After this, many Hottentots began to copy their superstitions.

Night walkers often betrayed themselves by trying to save an owl or baboon from being killed.

They roamed the night with these eerie friends, meeting at an appointed spot, similar as the European witches would meet at their covens.

They stripped themselves of all clothing and adorned their heads with human finger and toe bones.

A lookout had to be posted at the graves of the newly dead, as the naglopers would try to extract parts of the bodies for their rituals soon after burial.

For this reason, too, stones were often placed on the grave, which also served to prevent dogs or jackals from digging up the corpse.
  
At night, night walkers would stealthily approach the huts, carefully walking backwards so that their footprints pointed away from their destination.

The occupants, including the dogs, would fall into a deep stupor, so that the night walkers could carry out their wicked deeds undisturbed.
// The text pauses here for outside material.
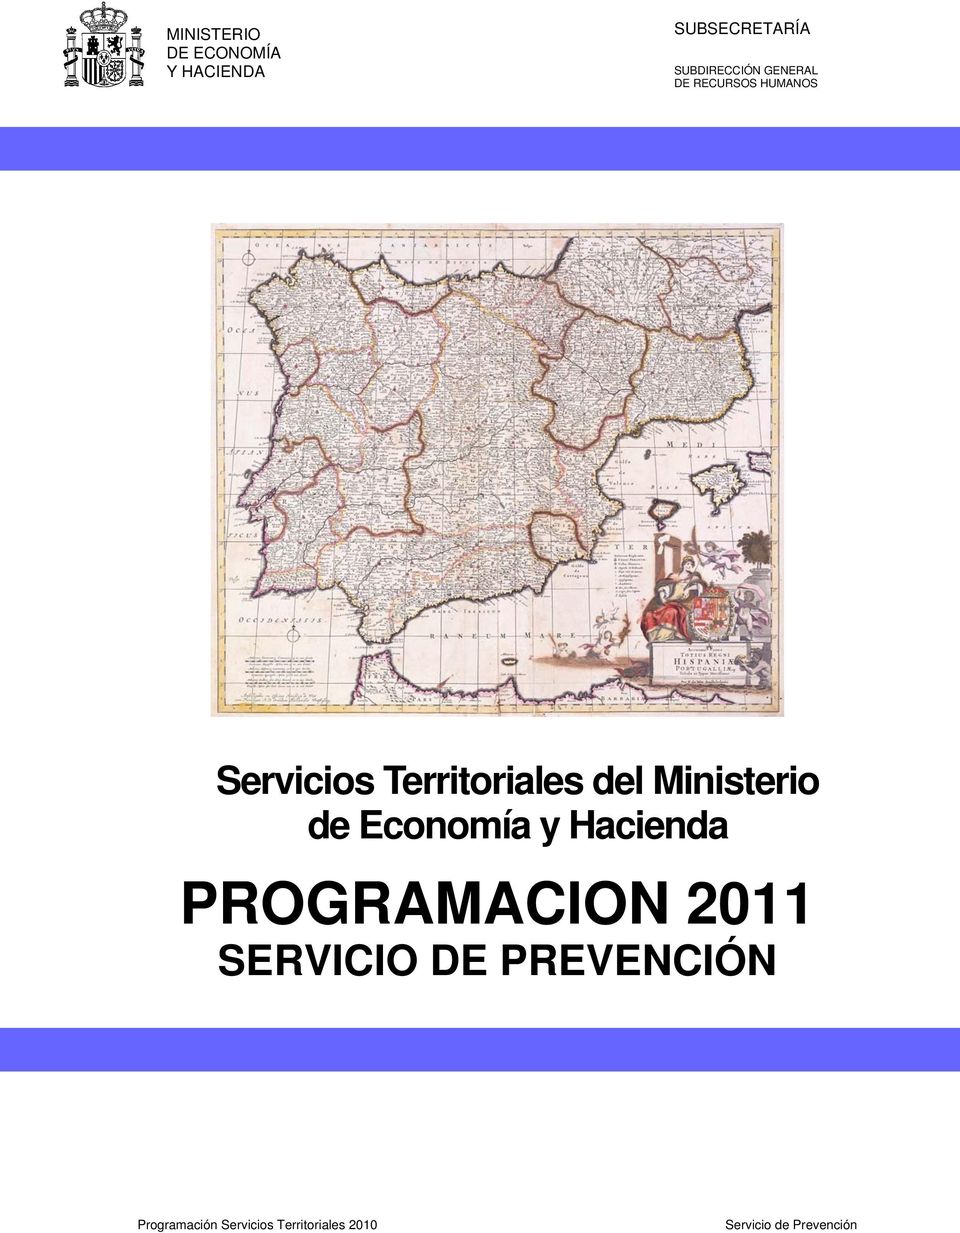 PROGRAMACION 2011 SERVICIO DE
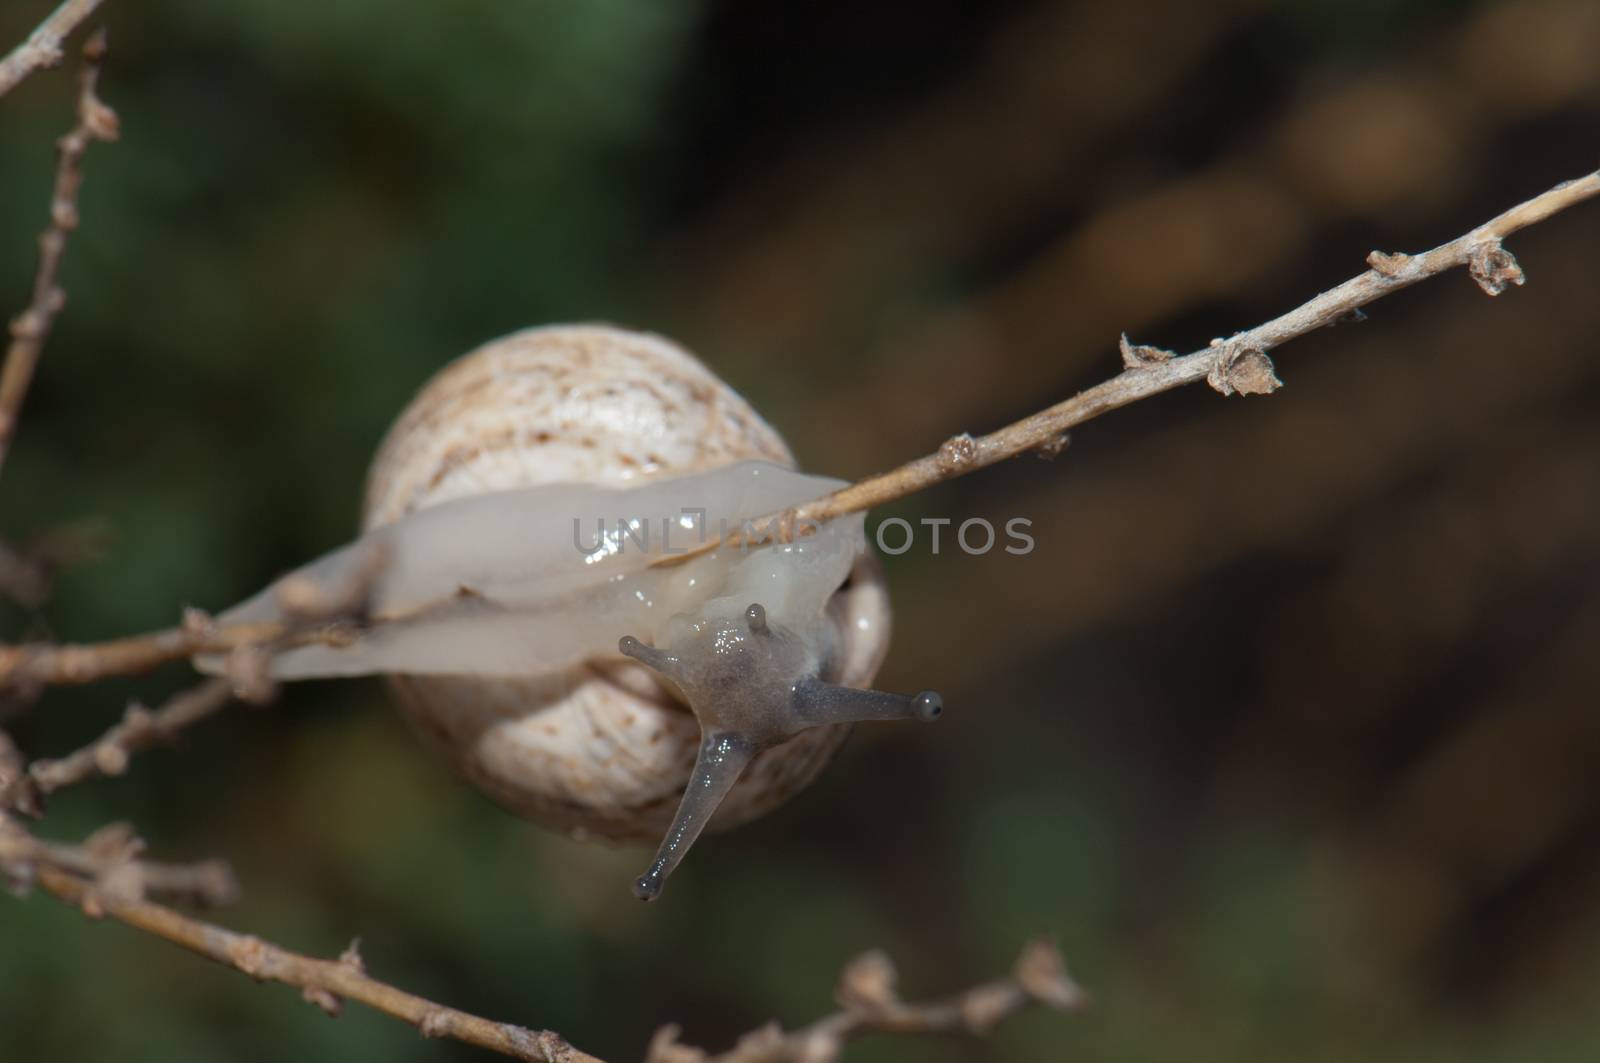 White garden snail. by VictorSuarez

Small children were especially attractive to these ghouls, and many became infected with foul diseases. 

Adults, too, did not escape their attentions. The women night walkers had their way with the men of the hut, and their male counterparts paid their vile court to the ladies.

The sleepers only became aware of this the next morning when they awoke feeling weak and powerless in body and limb. Many a 'morning after the night before' must have been blamed on a convenient night walker!

It was chiefly to Bantu witchdoctors that the Hottentots turned for an antidote to these doleful occurrences.

The cure usually entailed cuts on the skin into which a medicine was rubbed. This caused such an itching and burning whenever a night walker approached that the sleeper was bound to awake before he was molested.

One of the ways to catch a sorcerer was to place a doctored curry at the entrance of the hut. Should a night walker try to enter, and step over the cuury, it 'held' him and he would remain fast until sunrise the next morning.
 
The first person to awake and see him there must remain quite quiet. He must shake the other sleepers very gently without calling them by name; by this they would know all was not well.

The first to speak to the intruder would be the head of the kraal, who was immediately summoned, and this would free the night walker. The punishment was then decided on, and usually painfully carried out.

It was considered dangerous to stand in anyone's shadow as he might have some magic 'medicine' in his body which could be harmful.

Because of this, some Hottentots developed the habit of rising early, when no shadows were yet cast by the sun. In this way, people were supposed to rid themselves of anything harmful which they might have 'picked up' the previous evening, and could transmit to others, if they rose after the sun was high.